The broad class of multivariate unified skew-normal (SUN) distributions has been recently shown to possess fundamental conjugacy properties. When used as priors for the vector of parameters in general probit, tobit, and multinomial probit models, these distributions yield posteriors that still belong to the SUN family. Although such a core result has led to important advancements in Bayesian inference and computation, its applicability beyond likelihoods associated with fully-observed, discretized, or censored realizations from multivariate Gaussian models remains yet unexplored. This article covers such an important gap by proving that the wider family of multivariate unified skew-elliptical (SUE) distributions, which extends SUNs to more general perturbations of elliptical densities, guarantees conjugacy for broader classes of models, beyond those relying on fully-observed, discretized or censored Gaussians. Such a result leverages the closure under linear combinations, conditioning and marginalization of SUE to prove that such a family is conjugate to the likelihood induced by general multivariate regression models for fully-observed, censored or dichotomized realizations from skew-elliptical distributions.
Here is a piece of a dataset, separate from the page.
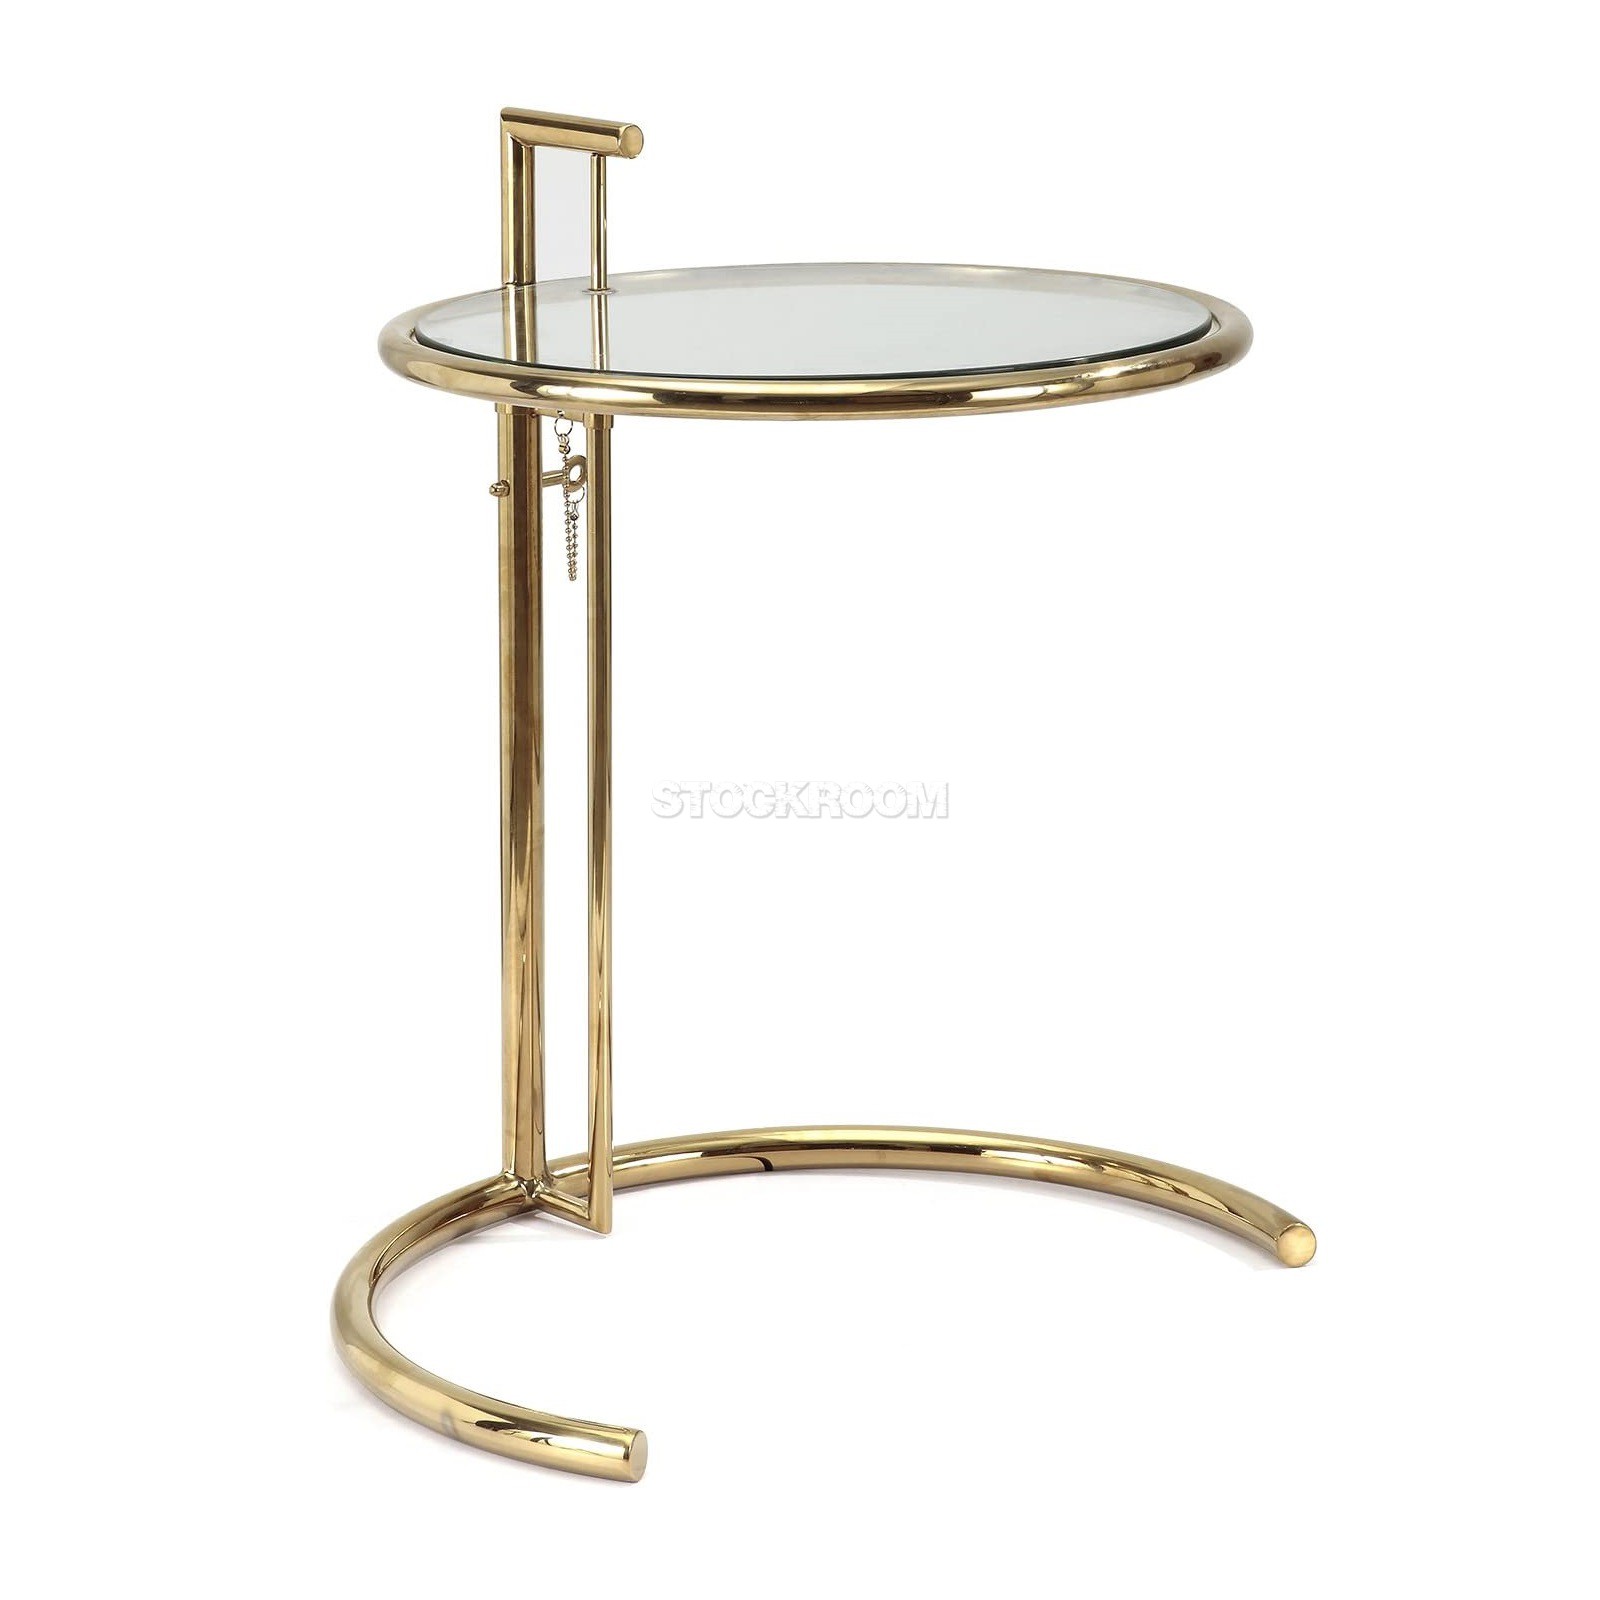 Eileen Gray Style Side Table - Gold

This advancement substantially enlarges the set of models that enable conjugate Bayesian inference to general formulations arising from elliptical and skew-elliptical families, including the multivariate Student's t and skew-t, among others.

翻译：近期研究表明，多元统一偏正态分布族具有基本共轭性质。当该分布族作为广义probit、tobit及多项probit模型中参数向量的先验分布时，其后验仍属于同一分布族。尽管这一核心结论已推动贝叶斯推断与计算的重大进展，但其在多元高斯模型完全观测、离散化或截断实现似然函数之外的适用性仍有待探索。本文通过证明多元统一偏椭圆分布族（可视为统一偏正态分布对椭圆密度更一般摄动的推广）在更广泛模型类别（不限于基于完全观测、离散化或截断高斯分布的模型）中具有共轭性，填补了这一重要空白。该结论利用统一偏椭圆分布在线性组合、条件分布和边缘化下的封闭性质，证明该分布族与偏椭圆分布完全观测、截断或二分实现对应的广义多元回归模型诱导的似然函数具有共轭性。这一突破性进展将适用于共轭贝叶斯推断的模型范畴显著扩展至椭圆及偏椭圆族的一般形式，其中涵盖多元t分布与偏t分布等。